= The problem =
Extract from the entries below, exactly as given, only the lines from the line containing "Sequin Trim Dress by BONPRIX- Size 12" to the line containing "Außenspiegel des Autos", both lines included.
(Task material)
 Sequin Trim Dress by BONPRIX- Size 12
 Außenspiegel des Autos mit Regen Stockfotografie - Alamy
(End Task material)
(Task material)
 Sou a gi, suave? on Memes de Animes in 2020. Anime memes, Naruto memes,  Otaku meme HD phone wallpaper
(End Task material)
= The completed task =
 Sequin Trim Dress by BONPRIX- Size 12
 Außenspiegel des Autos mit Regen Stockfotografie - Alamy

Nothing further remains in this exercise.